I'd like to tell you that every developer is doggedly focused on both the quality of the production logic and the thoroughness of the unit tests that back that logic. Through a combination of poor training, lack of emphasis at the management level, and just plain laziness, developers produce tests that span from greatness all the way down to downright destructive (more on that in another blog entry). One of the easiest ways to try to externally track this testing is through code coverage.

Code Coverage


Code coverage is a set of metrics that can give developers and other project stakeholders a sense of how much of the production logic has been tested by the unit tests. The simplest metric is the "covered lines of code" aka line coverage. This is usually a percentage and it means that if a class has 50 lines of code in it, and it has 60% code coverage, then 30 lines of that production logic is executed as part of the running of the unit tests for that class. There are other coverage metrics that can help you gauge the goodness of your tests, like branch coverage, class coverage, and method coverage. But here, we will focus on line coverage since that is most widely used.

The general, common sense assumption is that "more is better", so mis-guided management and deranged architects insist on 100% code coverage, thinking that would give the maximum confidence that the quality of the code is high. If we had an infinite amount of time and money to spend on projects, this conception could represent the optimum. Since this luxury has never been true in the last 4 billion years, we have to spend our money wisely. And this changes things drastically.

The truth is that it might cost M dollars+time to achieve say 80% line coverage, but it might take M *more* dollars+time to get that last 20%. In some cases, getting the last few percentage might be extremely expensive. The reason for this non-linear cost is complicated.

First, production logic should be tested through its public interface where possible rather than through a protected or private interface. It can be laborious to construct the conditions necessary to hit a line of code buried in try/catches and conditional logic behind public interfaces. This cost can be lowered by refactoring the code towards better testability, but this is a continuous struggle as new code is produced. There is a truism in the veteran developers that increasing the testability of the production logic improves its design.

Second, some code has high complexity also known as cyclomatic complexity. Arguably this code should be refactored, but projects do have a certain percentage of their code with high cyclomatic complexity that gets carried forward from sprint to sprint.
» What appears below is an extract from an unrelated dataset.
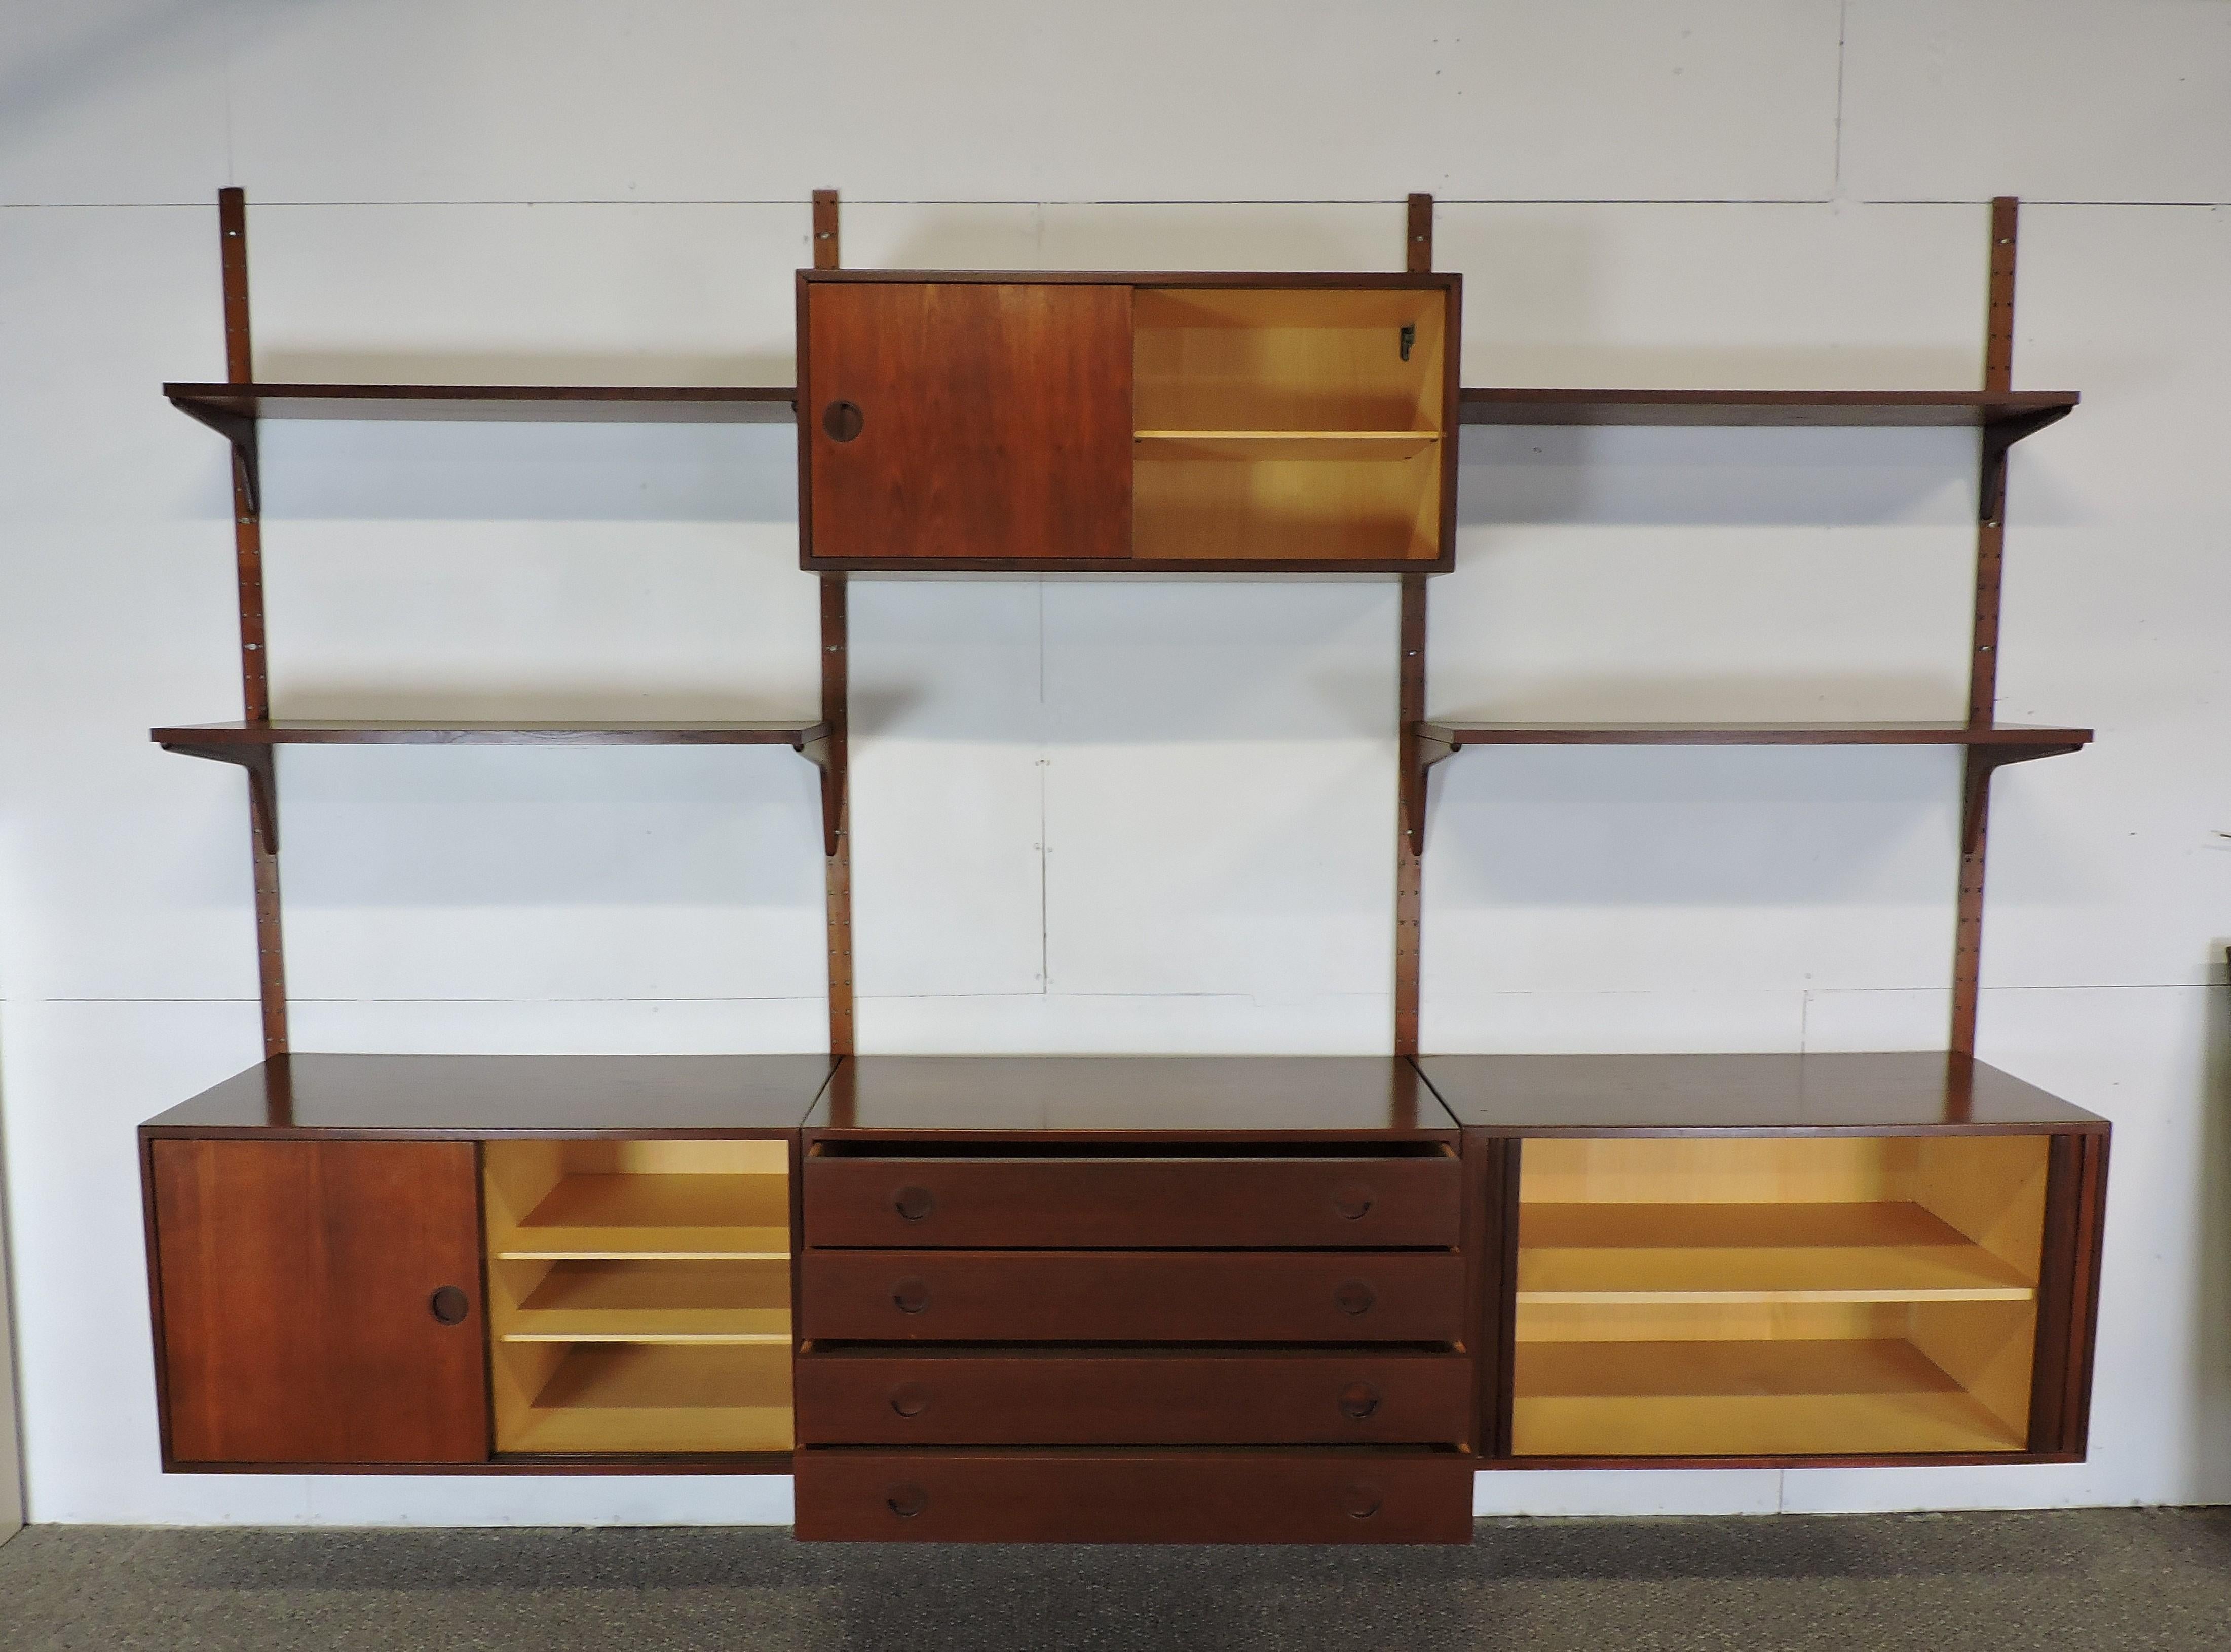 Large three bay modular wall unit designed by Rud Thygesen and Johnny Sorensen and made in Denmark by Hansen and Guldborg. This unit includes four poles, four modules and four shelves. Two of the cabinets have sliding doors with adjustable shelves,

The third reason is a bit technical. Code like Java is compiled into byte code. The code coverage tools run off of an analysis of the byte code, not the source code. The Java compiler will consume the source code and emit byte code that may have extra logic in it, meaning code with extra branches. It might not be possible to control the conditions which would take one path or the other through this invisible branch. Further complicating this, is that the invisible logic can change from Java compiler release to release, putting a burden on the test logic to reverse engineer the conditions needed to cover this invisible logic.

Summary


Based on the above discussion, achieving 100% line coverage can be very expensive. On teams that I have worked on over the years, a reasonable line coverage would be 70% or more. But you should let the development team determine this limit. If you force your teams to get to 100% line coverage, you are spending money that might be better spent on automation tests. In addition, I have seen cases where developers will short-circuit the unit tests by writing tests only for the purpose of increasing the coverage. You can readily identify these test because they have no assertion or verification check in them - they just make a call and never check on the result.

In short, you should be careful what you ask for. Make sure you interact with the development team in making the decision about code coverage. Spending another 50% of scarce testing dollars on that last 10% coverage is unlikely to bring a return on investment.